As you know theres not a lot Neuros, MS Nurses etc can do for pwPPMS and after 2 years Im starting to realise what a waste of time it is going to see these people. However, I am starting to think that I should be building a history with these people so that when my PIP interview comes around I will have something to show. At the moment, if Im ill I cope without telling anyone, unless I need anti-biotics.Ive never seen an MS nurse. I only claim DLA but tbh would be lost without it. Thanks, hope everyone has as good a New Year as possible.
I know what you mean I to am PPMS and see my neuro once a year but I know can contact if I need steroids etcc but as you sayi agree you need some sort of history for PIP, DLA. Happy new year x
Hi, I spent quite a few years in the PPMS camp.but just last Oct, was told it defo is not MS at all, but an equally disabling and incurable condition.
but as regards it feeling pointless to keep seeing neuros, when theres little they can do to help it, i feel it is important to keep your appointments, as you never know when there may be an alternative treatment for its symptoms.
plus I think it is imperative (oo, that`s a posh word for a tuesday lunchtime) to have up to date records for the wonderful DWP.
many folk here have been discharged from neuros lists, so that could make claims harder.
I’m SP so I know what you mean HOWEVER – who knows what’s round the corner, new drugs are being developed all the time. When I was first diagnosed with MS there was nothing for anybody but thousands of people benefit from DMDs now. My thinking is that I want to be known to neuros etc and be toward the front of the queue if anything becomes available for progressive people.
I think perhaps we are a bit spoiled in Leeds compared with what I have read about other areas. We have an adult neurological team to whom I was referred by my MS nurse. They have provided lots of help and support in various ways. We also have a specialist MS physio and I got a lot of help from her.

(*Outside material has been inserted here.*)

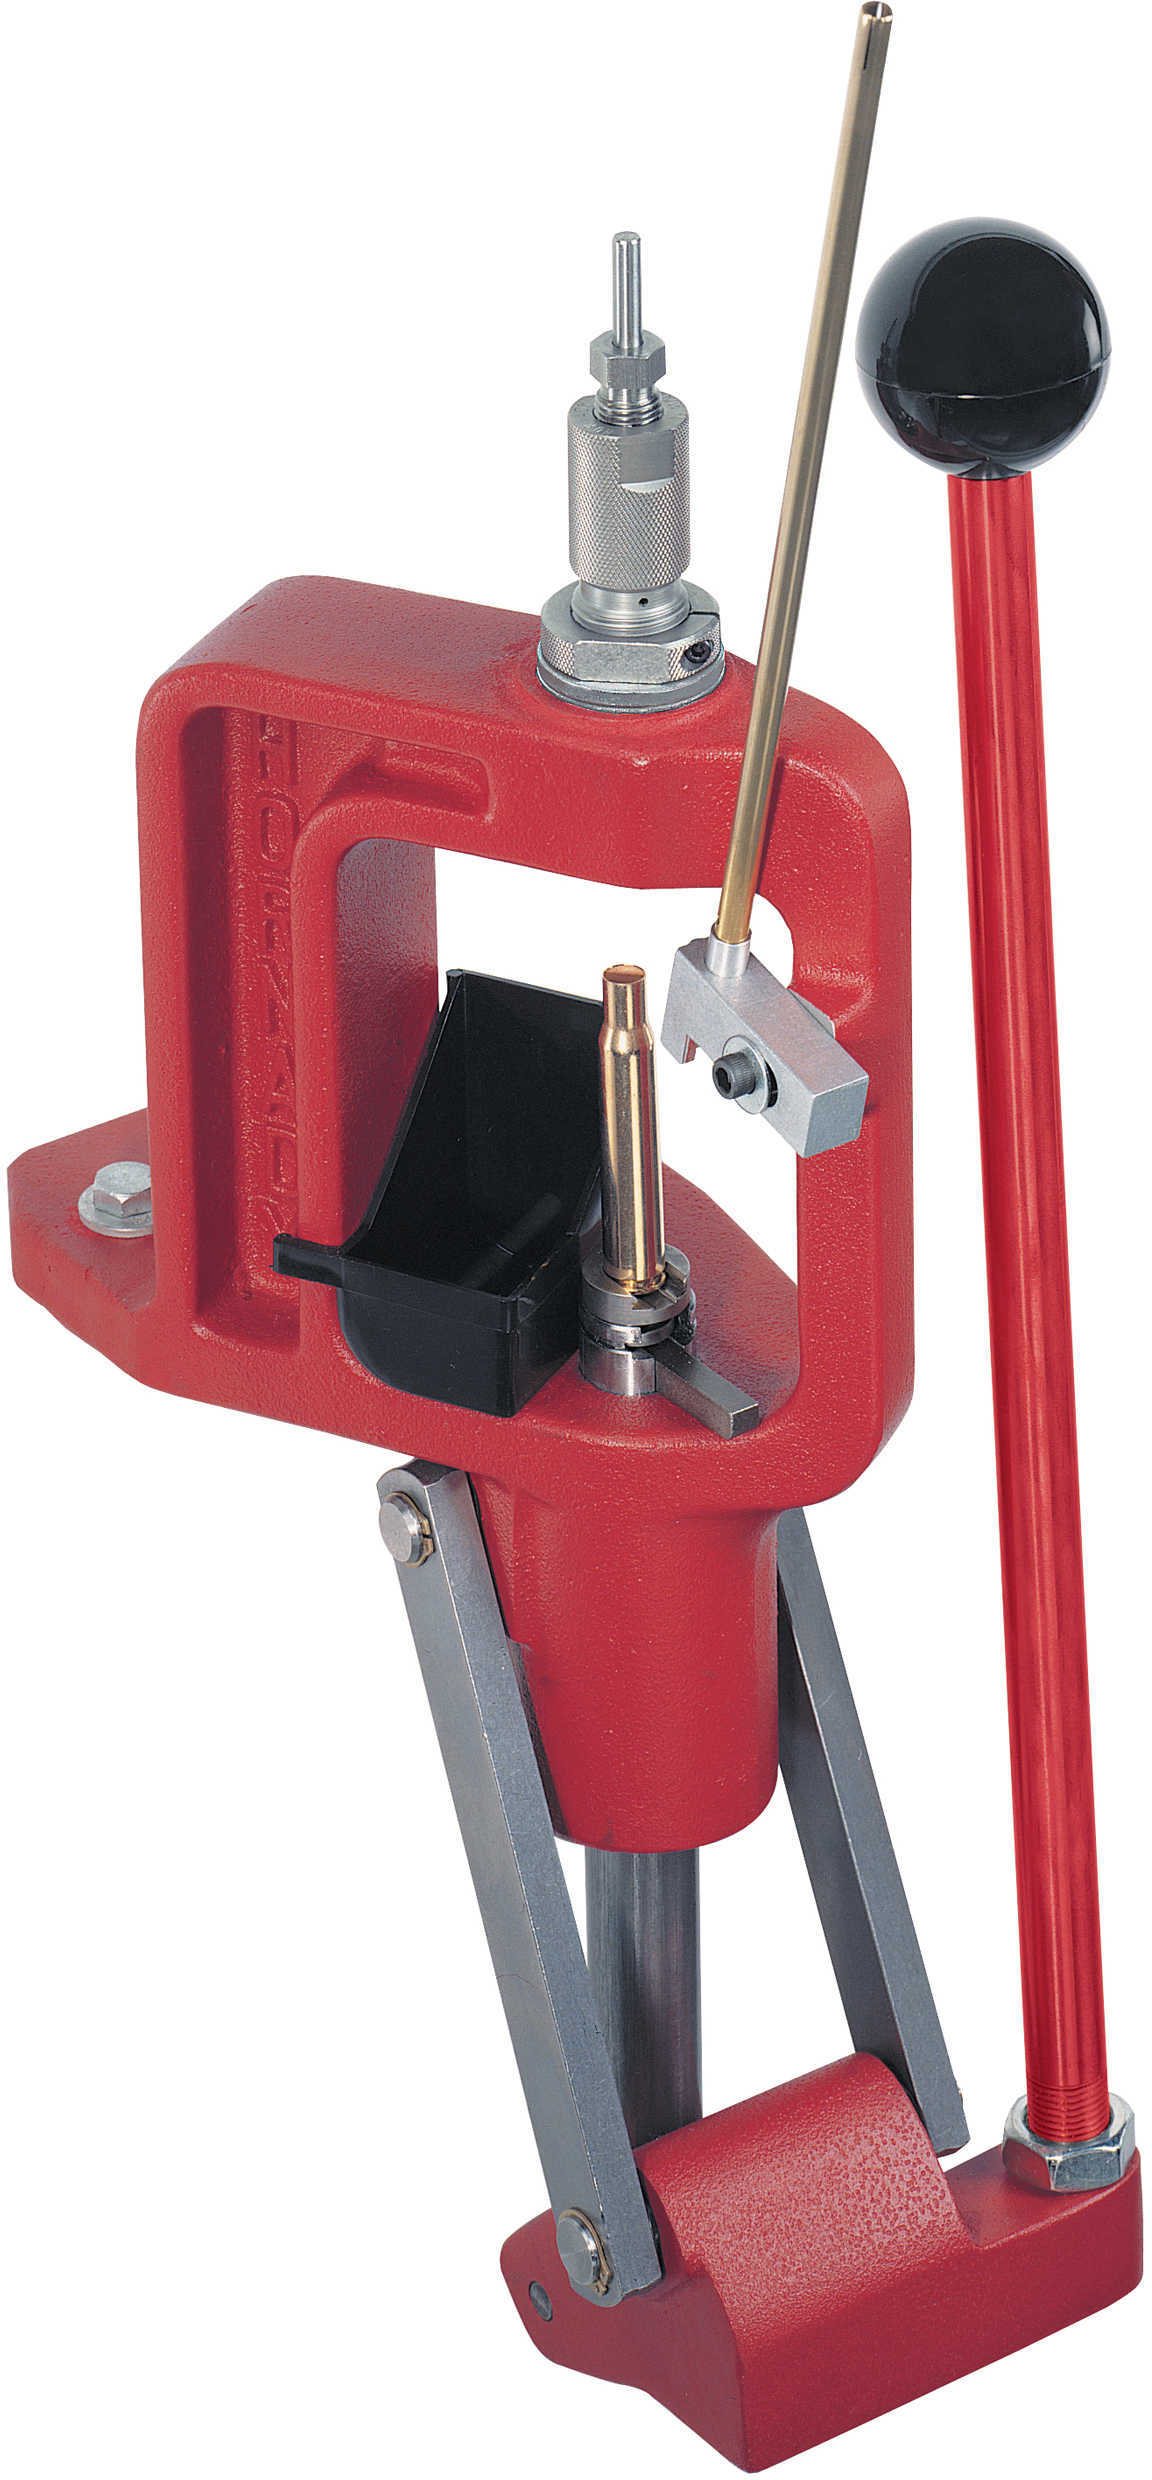 Hornady Lock 'N Load Classic Single Stage Press For Hand Loading Md: 085001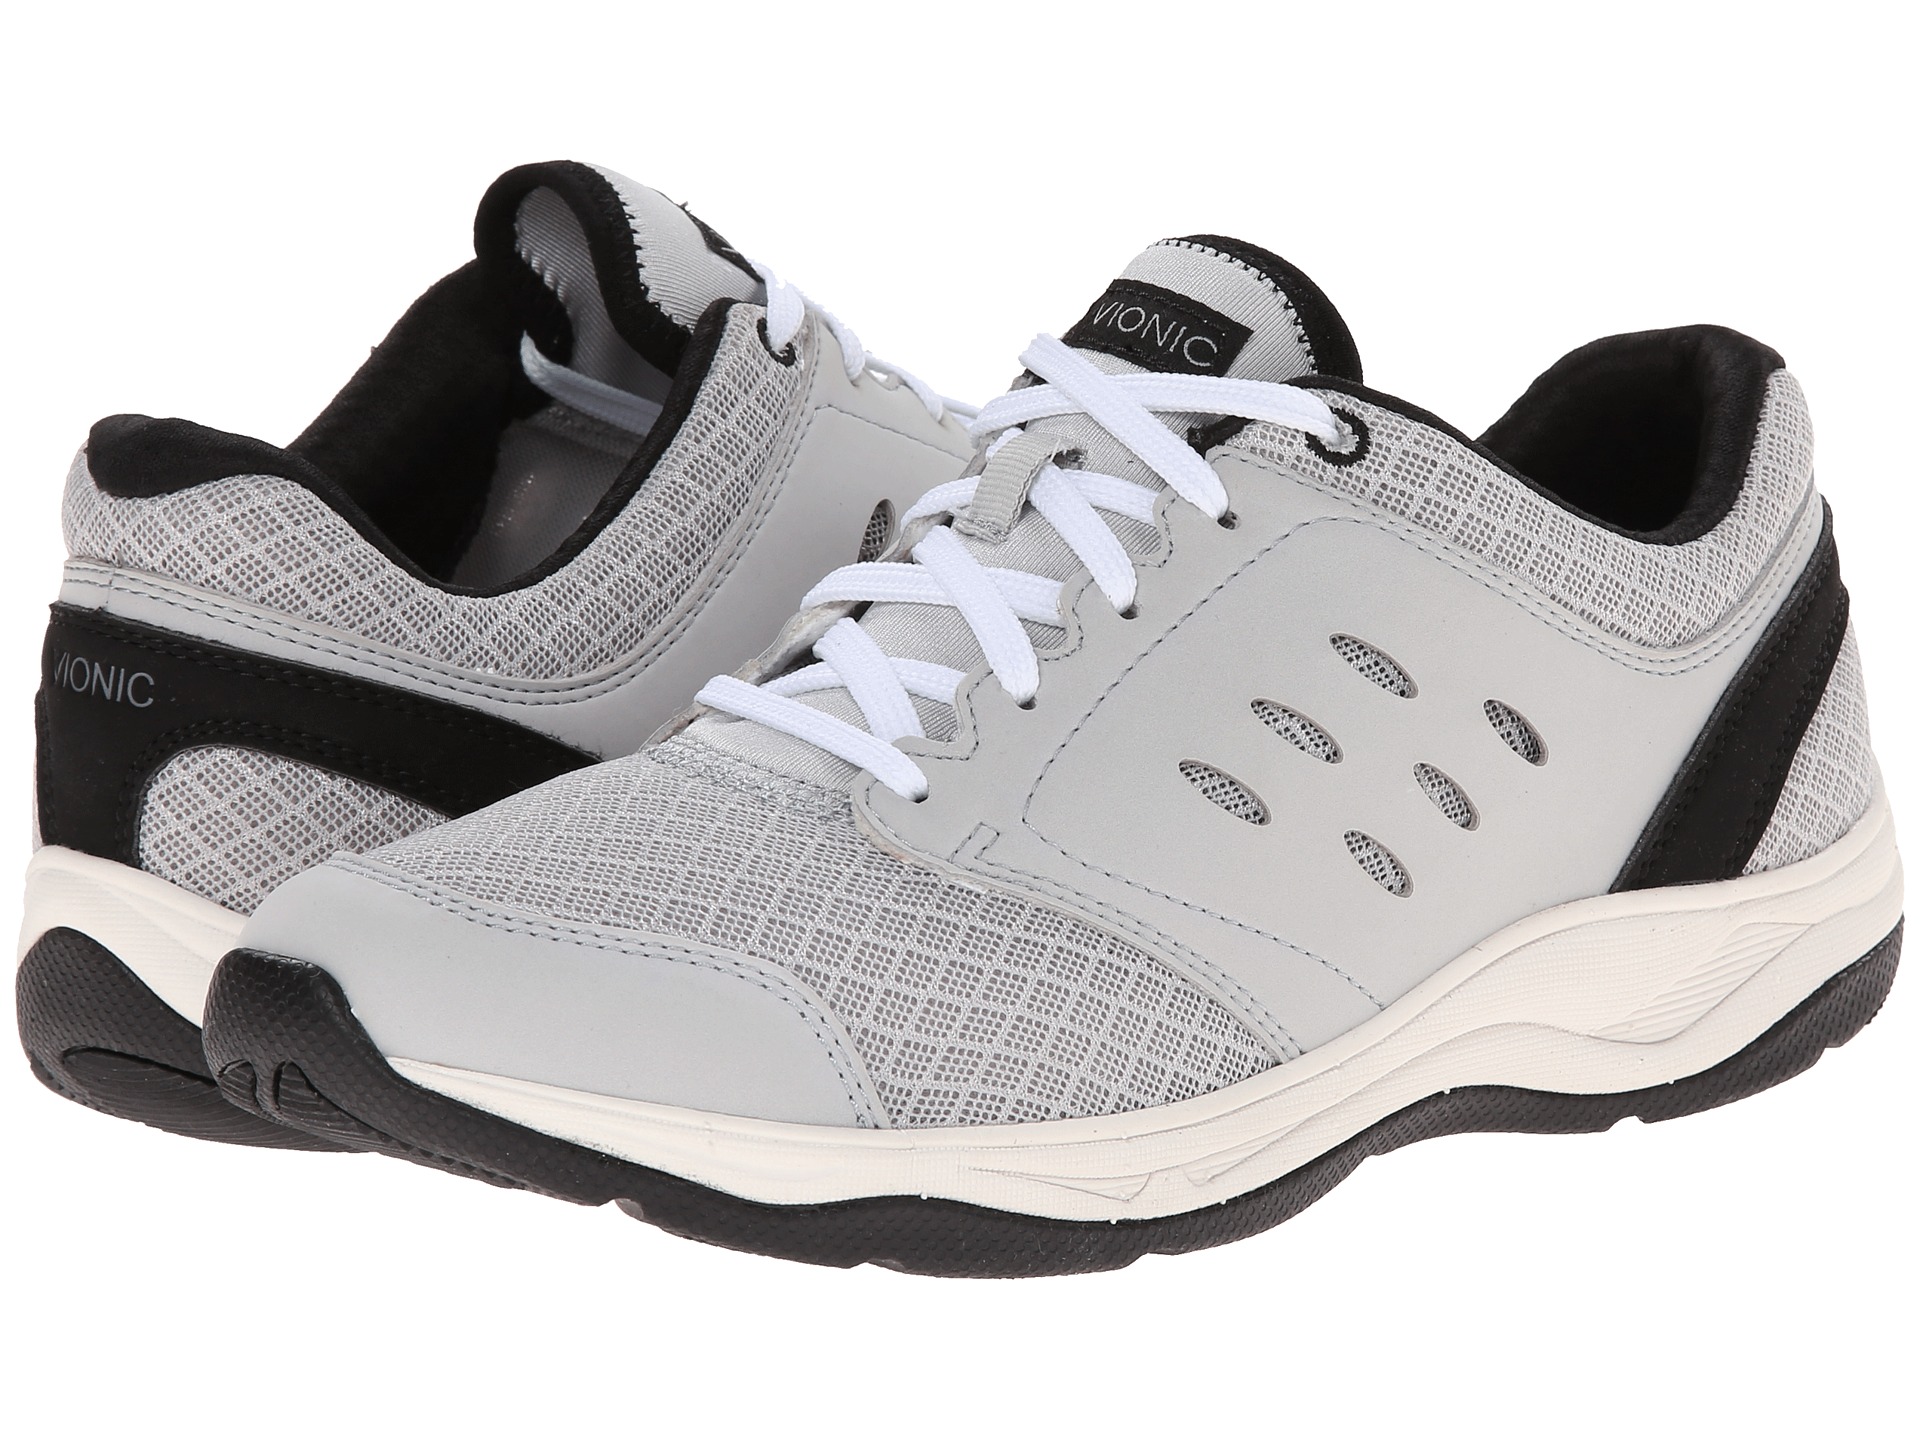 VIONIC Contest Active Lace-Up Light Grey - Zappos.com Free Shipping ...

I get your point about PIP – it’s in my mind too. It can’t hurt to have medical professionals know what the state of play with you is. For most people its just once a year (maybe 2x if you’re progressive) my vote is to go along with it and smile sweetly when they send you on your way with nothing.
i am spms and only go to see a neuro once a year just to keep me in the ‘system’ so i can have a letter stating that i have spms
for when the dreaded brown esa letter drops through my letter box,i feel like i am wasting my time and theirs,when i do go, its just a chat for 5 or ten minutes until the next time.
I agree keeping in the loop is a good idea and it allows students to prod me about a bit if nothing else. Mind you, I would be seriously worried if he prescribed steroids for my PPMS.
My understanding is steroids only speed up recovery from a relapse that would happen anyway in time (if they work). I don’t get relapses so can’t see the point and get to keep my bone density instead.
Obviously, you are given steroids for a valid reason and glad to hear they help.
I don’t have relapses either but have been given them over the years, it was to try and give me some relief of some severe symptoms, I didn’t think they worked particularly well, it was a lot of years ago and I’ve not had them since but my neuro would give me them again if I needed them, in fact only last year he offered me them but I declined and I wasn’t having a relapse.
Hi yes I agree with your original post. I do find the MS nurse more useful than the neuro .
She is qualified to alter my doses of for example, baclofen so it can make small differences. It also enables me to get referred for physio which again does make a difference, although I can’t do too much compared to what I used to.
I was thinking the same about PIP/DLA etc the other day and at least I have some info to provide. I insist on a 6 monthly visit.
As others say, give it a go, just don’t expect too much!